Material provided |

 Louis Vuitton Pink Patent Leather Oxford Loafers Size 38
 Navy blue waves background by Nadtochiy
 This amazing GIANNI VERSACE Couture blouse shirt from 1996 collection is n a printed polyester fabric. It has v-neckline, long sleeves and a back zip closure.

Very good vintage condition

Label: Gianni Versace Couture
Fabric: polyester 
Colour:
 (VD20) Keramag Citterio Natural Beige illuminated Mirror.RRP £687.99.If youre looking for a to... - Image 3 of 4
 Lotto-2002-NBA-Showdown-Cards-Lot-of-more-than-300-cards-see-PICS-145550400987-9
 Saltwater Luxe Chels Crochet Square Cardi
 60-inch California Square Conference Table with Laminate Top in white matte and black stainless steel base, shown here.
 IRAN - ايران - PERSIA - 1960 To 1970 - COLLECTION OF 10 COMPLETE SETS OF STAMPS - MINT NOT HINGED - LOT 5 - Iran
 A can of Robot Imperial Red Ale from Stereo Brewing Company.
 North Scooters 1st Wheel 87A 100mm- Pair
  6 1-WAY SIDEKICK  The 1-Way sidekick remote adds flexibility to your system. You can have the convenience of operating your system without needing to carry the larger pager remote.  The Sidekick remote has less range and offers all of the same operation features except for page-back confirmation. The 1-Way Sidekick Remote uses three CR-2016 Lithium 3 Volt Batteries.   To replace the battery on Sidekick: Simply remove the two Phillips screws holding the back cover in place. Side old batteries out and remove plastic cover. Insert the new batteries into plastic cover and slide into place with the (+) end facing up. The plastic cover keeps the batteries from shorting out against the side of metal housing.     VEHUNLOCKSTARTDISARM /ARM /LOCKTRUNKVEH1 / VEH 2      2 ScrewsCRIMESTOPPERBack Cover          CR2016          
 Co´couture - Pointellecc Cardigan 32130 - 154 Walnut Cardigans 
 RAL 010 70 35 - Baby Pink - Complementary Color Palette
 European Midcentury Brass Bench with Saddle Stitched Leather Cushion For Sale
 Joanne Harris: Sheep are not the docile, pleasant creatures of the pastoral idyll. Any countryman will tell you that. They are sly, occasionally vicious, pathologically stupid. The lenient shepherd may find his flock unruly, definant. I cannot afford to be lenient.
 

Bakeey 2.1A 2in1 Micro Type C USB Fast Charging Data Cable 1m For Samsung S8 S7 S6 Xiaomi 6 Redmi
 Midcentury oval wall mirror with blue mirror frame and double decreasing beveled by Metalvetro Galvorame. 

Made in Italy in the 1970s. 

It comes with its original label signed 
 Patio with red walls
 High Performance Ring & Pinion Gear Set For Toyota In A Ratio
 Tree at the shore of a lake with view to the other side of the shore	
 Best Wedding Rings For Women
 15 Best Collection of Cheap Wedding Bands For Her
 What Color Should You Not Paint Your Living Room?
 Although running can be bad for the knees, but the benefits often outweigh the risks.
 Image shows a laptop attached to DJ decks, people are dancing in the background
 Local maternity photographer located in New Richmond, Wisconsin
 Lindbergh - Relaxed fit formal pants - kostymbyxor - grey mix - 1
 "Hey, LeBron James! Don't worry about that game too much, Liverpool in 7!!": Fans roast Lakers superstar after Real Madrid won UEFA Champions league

Directions |
Look above for the line with "Fabric: polyester" and the line with "European Midcentury Brass". Retype those two lines and every line between them exactly, adding nothing.

Reply |
Fabric: polyester 
Colour:
 (VD20) Keramag Citterio Natural Beige illuminated Mirror.RRP £687.99.If youre looking for a to... - Image 3 of 4
 Lotto-2002-NBA-Showdown-Cards-Lot-of-more-than-300-cards-see-PICS-145550400987-9
 Saltwater Luxe Chels Crochet Square Cardi
 60-inch California Square Conference Table with Laminate Top in white matte and black stainless steel base, shown here.
 IRAN - ايران - PERSIA - 1960 To 1970 - COLLECTION OF 10 COMPLETE SETS OF STAMPS - MINT NOT HINGED - LOT 5 - Iran
 A can of Robot Imperial Red Ale from Stereo Brewing Company.
 North Scooters 1st Wheel 87A 100mm- Pair
  6 1-WAY SIDEKICK  The 1-Way sidekick remote adds flexibility to your system. You can have the convenience of operating your system without needing to carry the larger pager remote.  The Sidekick remote has less range and offers all of the same operation features except for page-back confirmation. The 1-Way Sidekick Remote uses three CR-2016 Lithium 3 Volt Batteries.   To replace the battery on Sidekick: Simply remove the two Phillips screws holding the back cover in place. Side old batteries out and remove plastic cover. Insert the new batteries into plastic cover and slide into place with the (+) end facing up. The plastic cover keeps the batteries from shorting out against the side of metal housing.     VEHUNLOCKSTARTDISARM /ARM /LOCKTRUNKVEH1 / VEH 2      2 ScrewsCRIMESTOPPERBack Cover          CR2016          
 Co´couture - Pointellecc Cardigan 32130 - 154 Walnut Cardigans 
 RAL 010 70 35 - Baby Pink - Complementary Color Palette
 European Midcentury Brass Bench with Saddle Stitched Leather Cushion For Sale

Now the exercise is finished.